Can we predict the weather or the climate?

Theoretical Physics
Climate modelling
According to everyone’s experience, predicting the weather reliably for more than a few days seems an impossible task for our best weather agencies. Yet, we all know of examples of “weather sayings” that allow wise old persons to predict tomorrow’s weather without solving the equations of motion, and sometimes better than the official forecast. On a longer scale, climate model have been able to predict the variation of mean Earth temperature due to CO2 emission over a period of 50 year rather accurately.
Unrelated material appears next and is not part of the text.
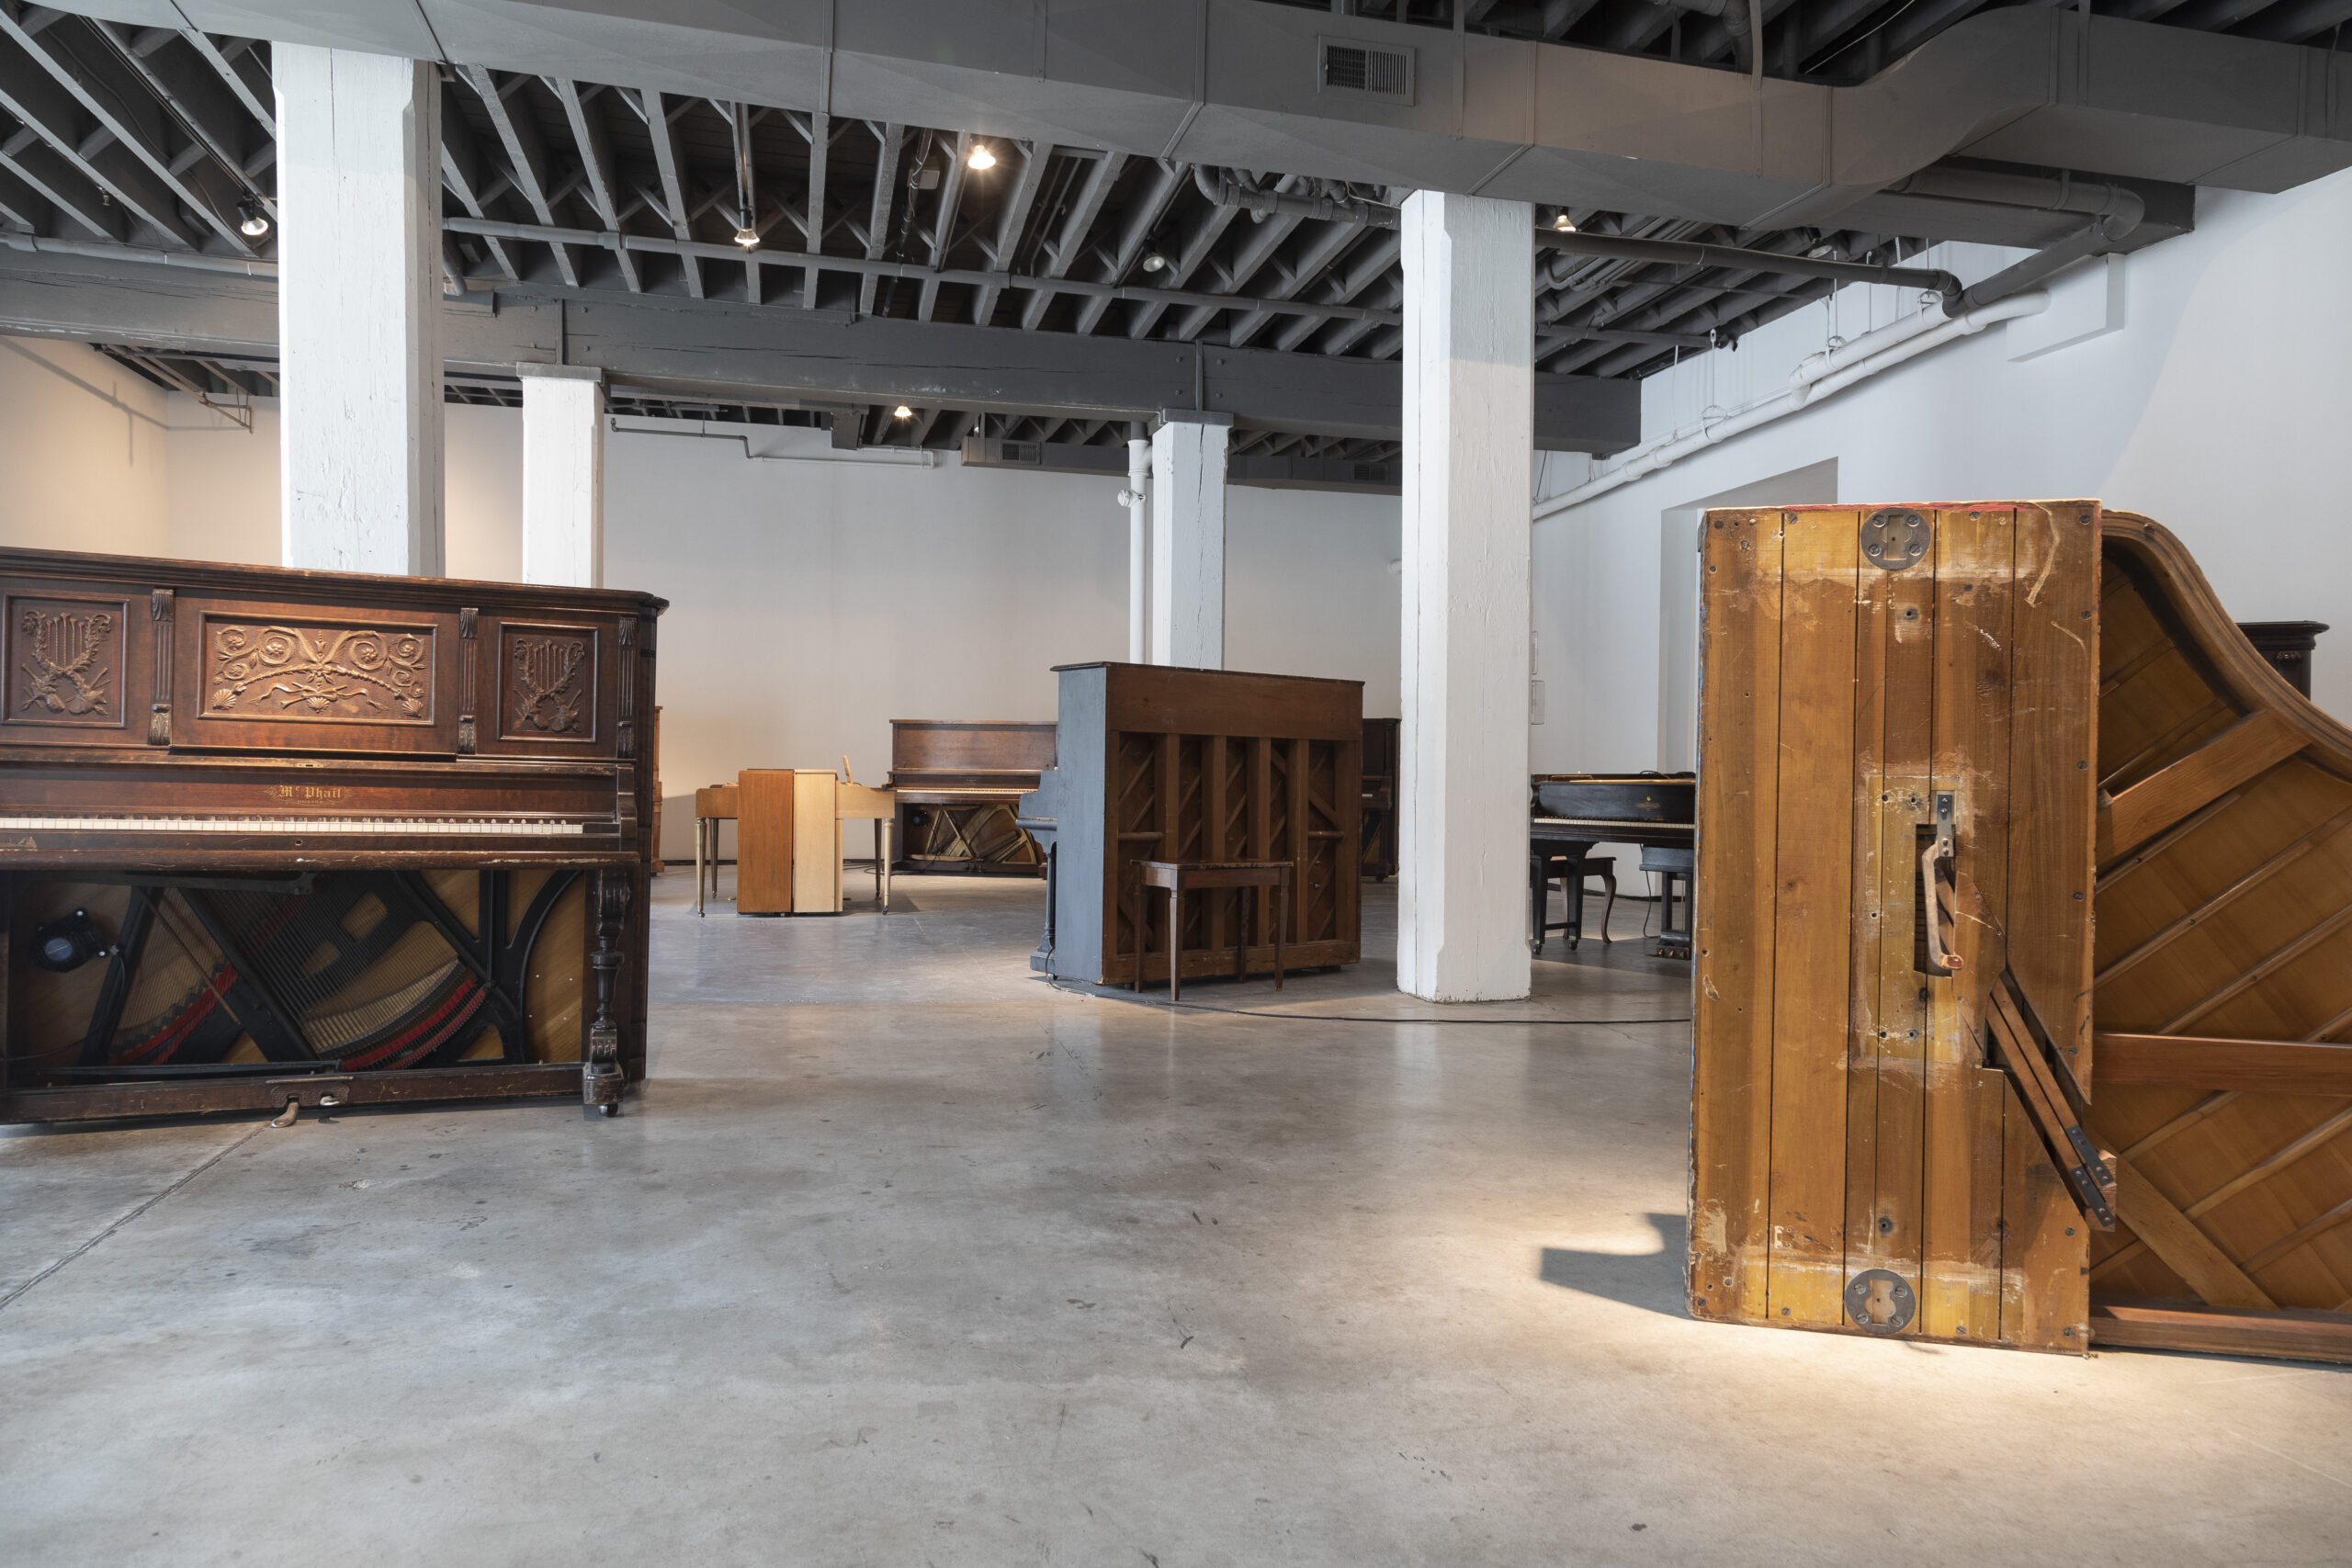 Featured image: Maya Dunietz. Installation view of Root of Two, 2022. On viewfrom May 7—September 18, 2022at Bemis Center for ContemporaryArts, Omaha, NE. Courtesy of the artist and Bemis Center for Contemporary Arts. Photography by Assaf Evron.

In the late 50’ and 60’s, Lewis Fry Richardson, then Edward Lorenz set up the basis on the resolution of this puzzle, using observations, phenomenological arguments and low order models.

Present progress in mathematics, physics of turbulence, and observational data now allow to go beyond intuition, and test the validity of the butterfly effect in the atmosphere and climate. For this, we will use new theoretical and mathematical tools and new numerical simulations based on projection of equations of motion onto an exponential grid allowing to achieve realistic/geophysical values of parameters, at a moderate computational and storage cost.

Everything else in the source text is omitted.